* EXERCISE DETAILS: Say how many of the lines below include the word "Bedroom". Only the number should be given.

* RECORDS FOR PROCESSING:
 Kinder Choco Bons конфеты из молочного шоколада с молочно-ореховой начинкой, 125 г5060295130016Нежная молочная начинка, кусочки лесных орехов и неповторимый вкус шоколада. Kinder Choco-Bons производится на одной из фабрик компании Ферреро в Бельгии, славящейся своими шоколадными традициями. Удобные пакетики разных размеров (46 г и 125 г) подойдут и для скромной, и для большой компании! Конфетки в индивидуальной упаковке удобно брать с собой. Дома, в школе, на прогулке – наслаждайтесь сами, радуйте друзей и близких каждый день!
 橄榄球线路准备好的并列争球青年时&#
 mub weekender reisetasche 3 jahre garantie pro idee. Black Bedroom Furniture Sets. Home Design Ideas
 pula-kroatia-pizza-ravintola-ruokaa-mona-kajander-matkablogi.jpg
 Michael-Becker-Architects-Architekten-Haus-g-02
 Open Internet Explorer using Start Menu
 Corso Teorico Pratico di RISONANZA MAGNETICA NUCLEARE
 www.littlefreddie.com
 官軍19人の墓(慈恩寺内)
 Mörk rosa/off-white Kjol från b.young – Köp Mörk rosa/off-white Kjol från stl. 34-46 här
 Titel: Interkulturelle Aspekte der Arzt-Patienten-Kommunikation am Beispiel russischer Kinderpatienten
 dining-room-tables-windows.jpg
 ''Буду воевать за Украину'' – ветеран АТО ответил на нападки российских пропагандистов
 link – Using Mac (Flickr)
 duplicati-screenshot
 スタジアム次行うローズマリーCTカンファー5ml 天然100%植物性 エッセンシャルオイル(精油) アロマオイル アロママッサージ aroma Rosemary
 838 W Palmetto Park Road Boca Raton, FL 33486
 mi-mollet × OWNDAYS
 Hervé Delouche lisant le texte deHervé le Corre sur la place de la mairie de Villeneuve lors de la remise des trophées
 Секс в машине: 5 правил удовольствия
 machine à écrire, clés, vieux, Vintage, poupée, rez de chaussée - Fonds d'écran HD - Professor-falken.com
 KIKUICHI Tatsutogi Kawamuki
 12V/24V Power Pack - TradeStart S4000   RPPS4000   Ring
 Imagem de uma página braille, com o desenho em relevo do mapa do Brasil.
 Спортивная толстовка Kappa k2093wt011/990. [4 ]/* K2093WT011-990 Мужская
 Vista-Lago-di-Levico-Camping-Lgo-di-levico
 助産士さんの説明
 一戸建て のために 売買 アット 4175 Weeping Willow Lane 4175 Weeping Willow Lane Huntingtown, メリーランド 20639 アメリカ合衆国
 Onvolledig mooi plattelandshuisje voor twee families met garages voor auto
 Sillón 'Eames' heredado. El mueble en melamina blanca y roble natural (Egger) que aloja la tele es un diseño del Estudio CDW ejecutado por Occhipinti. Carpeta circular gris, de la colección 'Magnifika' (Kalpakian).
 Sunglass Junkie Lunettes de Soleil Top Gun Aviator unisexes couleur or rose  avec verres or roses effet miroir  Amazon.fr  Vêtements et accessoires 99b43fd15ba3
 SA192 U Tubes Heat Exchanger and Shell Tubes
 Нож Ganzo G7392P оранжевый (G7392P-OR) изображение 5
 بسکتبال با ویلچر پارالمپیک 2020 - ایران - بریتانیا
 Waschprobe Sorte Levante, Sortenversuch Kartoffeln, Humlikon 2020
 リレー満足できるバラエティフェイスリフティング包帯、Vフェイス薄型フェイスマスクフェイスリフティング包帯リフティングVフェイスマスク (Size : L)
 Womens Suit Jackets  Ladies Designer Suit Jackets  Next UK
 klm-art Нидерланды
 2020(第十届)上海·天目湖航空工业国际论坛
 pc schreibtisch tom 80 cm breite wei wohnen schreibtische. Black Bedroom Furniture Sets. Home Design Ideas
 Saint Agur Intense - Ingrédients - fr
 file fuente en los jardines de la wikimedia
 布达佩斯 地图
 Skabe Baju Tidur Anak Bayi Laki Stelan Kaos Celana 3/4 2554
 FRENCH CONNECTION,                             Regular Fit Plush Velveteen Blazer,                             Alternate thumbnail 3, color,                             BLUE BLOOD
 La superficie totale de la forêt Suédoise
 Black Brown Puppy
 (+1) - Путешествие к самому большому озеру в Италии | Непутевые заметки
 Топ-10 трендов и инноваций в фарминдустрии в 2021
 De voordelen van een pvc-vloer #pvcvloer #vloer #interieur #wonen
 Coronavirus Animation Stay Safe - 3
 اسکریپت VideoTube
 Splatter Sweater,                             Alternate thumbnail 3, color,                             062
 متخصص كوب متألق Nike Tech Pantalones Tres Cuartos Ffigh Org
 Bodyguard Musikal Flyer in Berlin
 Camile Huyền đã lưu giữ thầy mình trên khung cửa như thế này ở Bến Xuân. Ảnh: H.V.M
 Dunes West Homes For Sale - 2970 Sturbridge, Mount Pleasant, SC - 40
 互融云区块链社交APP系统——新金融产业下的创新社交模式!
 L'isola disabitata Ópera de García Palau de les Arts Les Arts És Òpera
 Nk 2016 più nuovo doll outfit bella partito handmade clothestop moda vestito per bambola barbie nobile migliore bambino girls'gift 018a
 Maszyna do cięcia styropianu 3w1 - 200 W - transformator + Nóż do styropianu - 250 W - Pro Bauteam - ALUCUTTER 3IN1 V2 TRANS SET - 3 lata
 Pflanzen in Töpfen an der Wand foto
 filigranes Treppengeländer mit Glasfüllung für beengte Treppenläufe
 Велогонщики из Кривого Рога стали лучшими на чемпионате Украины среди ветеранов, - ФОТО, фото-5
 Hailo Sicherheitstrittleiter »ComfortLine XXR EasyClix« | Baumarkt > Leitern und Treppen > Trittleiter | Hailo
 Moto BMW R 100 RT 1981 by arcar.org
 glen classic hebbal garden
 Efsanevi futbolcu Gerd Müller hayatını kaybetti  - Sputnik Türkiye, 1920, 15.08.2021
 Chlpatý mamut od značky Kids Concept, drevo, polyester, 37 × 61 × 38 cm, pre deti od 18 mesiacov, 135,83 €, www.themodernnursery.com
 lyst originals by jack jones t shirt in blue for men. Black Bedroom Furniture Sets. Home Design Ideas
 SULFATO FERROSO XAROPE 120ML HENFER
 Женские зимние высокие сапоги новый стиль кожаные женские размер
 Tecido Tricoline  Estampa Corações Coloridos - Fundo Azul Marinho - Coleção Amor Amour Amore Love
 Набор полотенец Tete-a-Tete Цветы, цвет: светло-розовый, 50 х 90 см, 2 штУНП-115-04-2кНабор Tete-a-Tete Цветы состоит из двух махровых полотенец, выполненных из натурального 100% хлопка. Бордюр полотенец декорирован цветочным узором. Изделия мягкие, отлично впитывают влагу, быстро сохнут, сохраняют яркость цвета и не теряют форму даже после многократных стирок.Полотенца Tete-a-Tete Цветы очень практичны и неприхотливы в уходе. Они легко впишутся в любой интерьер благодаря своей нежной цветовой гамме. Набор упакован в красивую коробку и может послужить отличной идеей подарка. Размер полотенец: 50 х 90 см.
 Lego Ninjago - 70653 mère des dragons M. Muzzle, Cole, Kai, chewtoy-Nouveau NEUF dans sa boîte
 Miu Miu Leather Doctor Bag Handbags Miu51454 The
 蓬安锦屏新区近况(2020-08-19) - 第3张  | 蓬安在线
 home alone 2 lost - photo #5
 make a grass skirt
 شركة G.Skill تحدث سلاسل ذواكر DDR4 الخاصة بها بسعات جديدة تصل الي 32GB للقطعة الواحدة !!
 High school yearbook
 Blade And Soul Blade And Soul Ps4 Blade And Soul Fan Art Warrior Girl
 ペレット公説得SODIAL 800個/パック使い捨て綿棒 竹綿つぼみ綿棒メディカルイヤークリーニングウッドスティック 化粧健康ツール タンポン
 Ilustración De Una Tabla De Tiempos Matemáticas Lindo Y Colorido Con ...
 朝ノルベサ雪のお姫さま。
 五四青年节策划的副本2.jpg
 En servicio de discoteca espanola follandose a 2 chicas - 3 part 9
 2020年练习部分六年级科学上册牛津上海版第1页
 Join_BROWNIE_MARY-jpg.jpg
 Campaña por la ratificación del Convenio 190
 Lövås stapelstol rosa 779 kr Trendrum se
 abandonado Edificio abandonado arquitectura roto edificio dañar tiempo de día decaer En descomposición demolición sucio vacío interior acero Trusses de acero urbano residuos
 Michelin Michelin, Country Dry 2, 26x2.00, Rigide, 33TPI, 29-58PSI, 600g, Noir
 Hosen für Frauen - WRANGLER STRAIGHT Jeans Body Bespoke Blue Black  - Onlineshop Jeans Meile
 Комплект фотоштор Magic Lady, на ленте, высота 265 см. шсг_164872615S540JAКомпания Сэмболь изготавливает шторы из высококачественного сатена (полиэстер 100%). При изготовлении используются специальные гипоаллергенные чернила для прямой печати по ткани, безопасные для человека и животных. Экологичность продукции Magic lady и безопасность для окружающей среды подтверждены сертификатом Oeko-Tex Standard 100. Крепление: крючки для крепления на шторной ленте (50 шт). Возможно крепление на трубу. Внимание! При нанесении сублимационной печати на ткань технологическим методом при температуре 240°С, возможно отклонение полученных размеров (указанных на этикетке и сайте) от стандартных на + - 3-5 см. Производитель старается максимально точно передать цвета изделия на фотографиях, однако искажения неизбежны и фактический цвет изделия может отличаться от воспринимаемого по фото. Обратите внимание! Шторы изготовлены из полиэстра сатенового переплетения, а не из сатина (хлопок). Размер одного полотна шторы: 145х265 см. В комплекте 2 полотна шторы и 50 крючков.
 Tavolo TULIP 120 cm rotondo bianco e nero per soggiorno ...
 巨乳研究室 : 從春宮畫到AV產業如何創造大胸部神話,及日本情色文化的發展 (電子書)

* TASK ANSWER: 3